Le paradoxe des prévisions

Hubert Guillaud

« Voici le problème avec les prévisions : certaines sont exactes, d’autres sont fausses, et lorsque nous découvrons lesquelles, il est trop tard. Cela conduit à ce que nous pourrions appeler le paradoxe des prévisions : le test ultime d’une prévision utile n’est pas de savoir si elle s’avère exacte, mais si elle permet d’inciter à agir à l’avance », explique l’essayiste Tim Harford.

L’exactitude d’une prévision peut aider, mais elle n’est pas déterminante, rappelle Harford, qui se souvient d’une conférence fin 2019 où un orateur avait mis en garde contre le risque d’une pandémie, sans que cela ne déclenche, dans l’auditoire, de réaction appropriée pour s’y préparer. « La prévision était brillante… mais inutile ». L’agence fédérale de gestion des urgences a prévenu depuis longtemps des risques de catastrophes pouvant frapper la Nouvelle-Orléans.

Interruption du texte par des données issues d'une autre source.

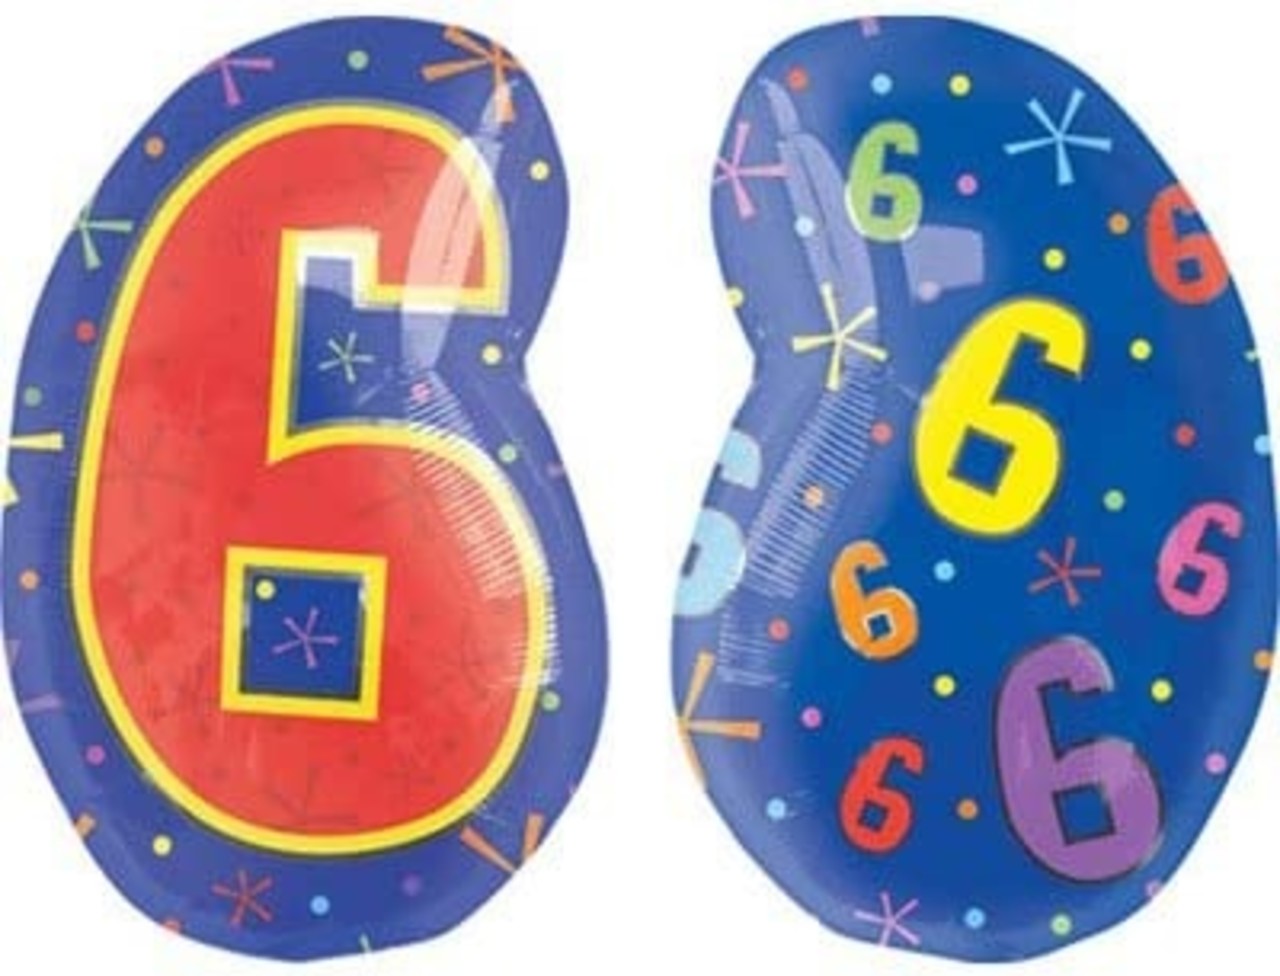 Helium ballon cijfer 3 Regenboog, Versiering verjaardag 3 jaar, Tuf-Tuf
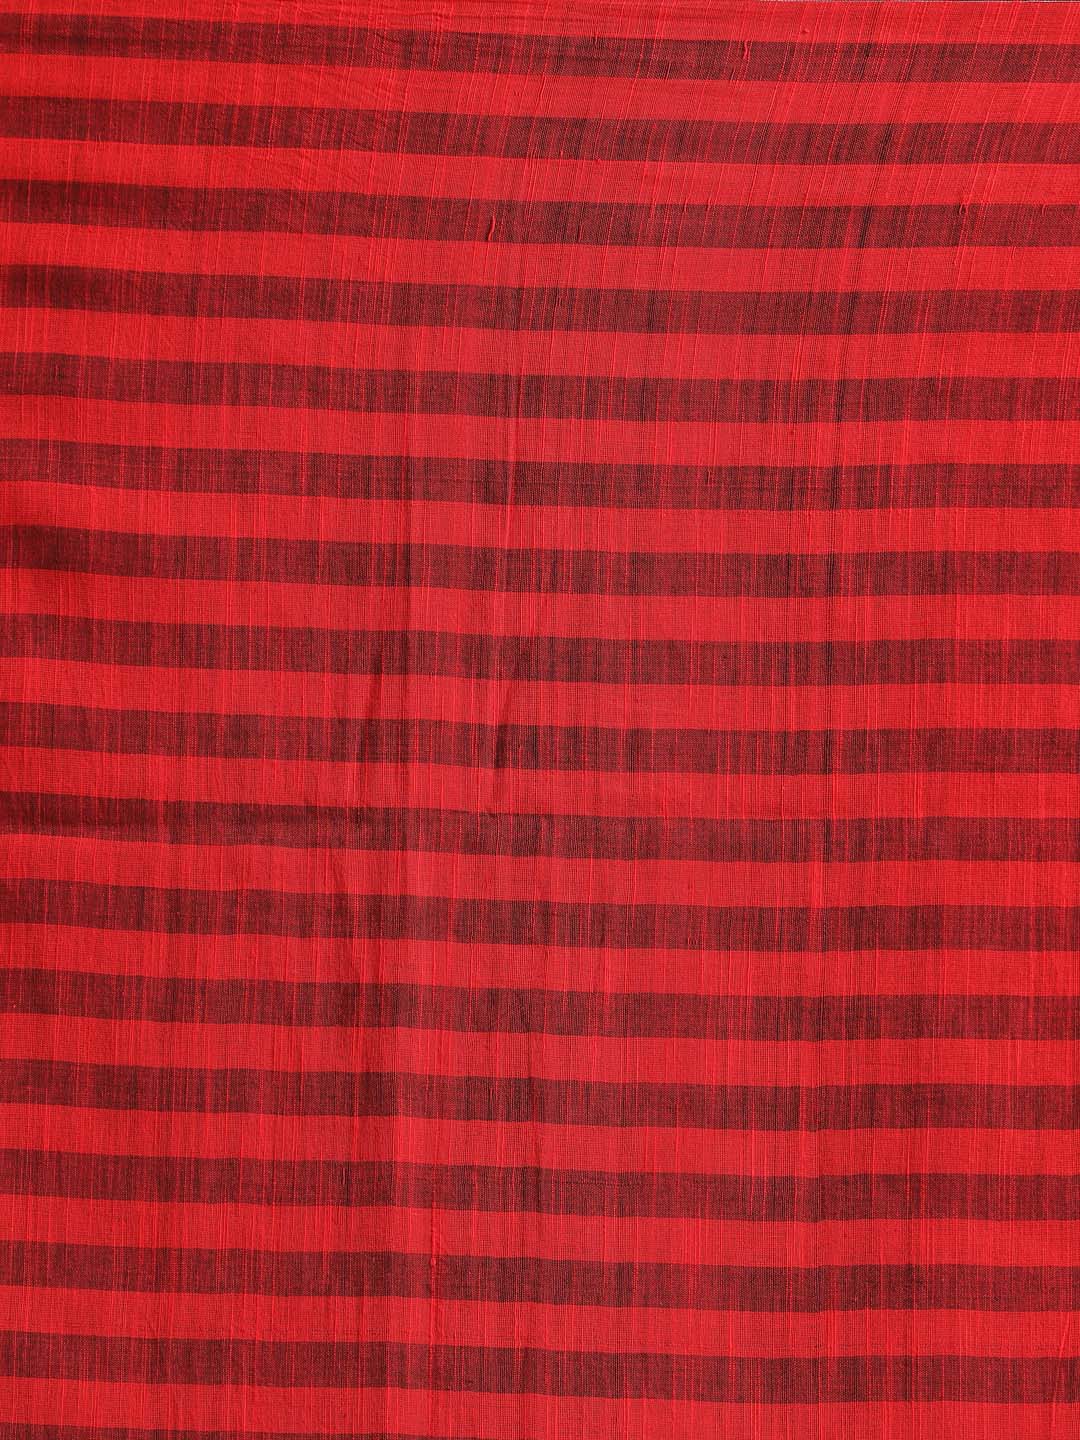 Indethnic Red Bengal Handloom Pure Cotton Saree Work Saree - Saree Detail View

En 2004, l’ouragan Ivan, s’est détourné au dernier moment de la ville, sans que les autorités prennent des mesures adaptées. Quand Katrina a dévasté la ville en 2005, les prévisions n’avaient pas été utilisées pour s’y préparer. L’hôpital de Boston n’avait pas prévu l’explosion de bombes lors du marathon de Boston, mais l’hôpital avait organisé 78 exercices d’urgence majeurs, des marées noires aux accidents de train, qui leur a permis d’être réactif quand le pire est advenu.

Dans son livre, Seeing What Others Don’t (2015), le psychologue Gary Klein use du concept de pre-mortem, qui invite à réfléchir aux raisons de l’échec d’un projet avant même de le conduire, plutôt que de seulement faire une analyse une fois que l’échec est patent (post-mortem donc). Dans les années 80, Deborah Mitchell, Jay Russo et Nancy Pennington ont montré que cette perspective aidait les gens à générer davantage d’idées. Derrière cet exercice contre-intuitif, l’idée consiste non pas à rendre l’avenir connaissable, mais à nous rendre plus sages et prévoyants.

Barbara Mellers, Philip Tetlock et Hal Arkes ont eux organisé un tournoi de prévision sur plusieurs mois. Ils ont constaté que la réflexion des participants dans la durée adoucissait les préjugés. De même, « les scénarios de prospective ne sont pas des prévisions car ils ne visent pas à être précis, mais à être utiles. Le paradoxe des prévisions nous dit que ces deux qualités sont très différentes ». L’essentiel n’est donc pas de faire des scénarios prédictifs, mais de regarder ensuite ce que l’exercice transforme. Un bilan qui, semble-t-il, lui, est bien souvent manquant.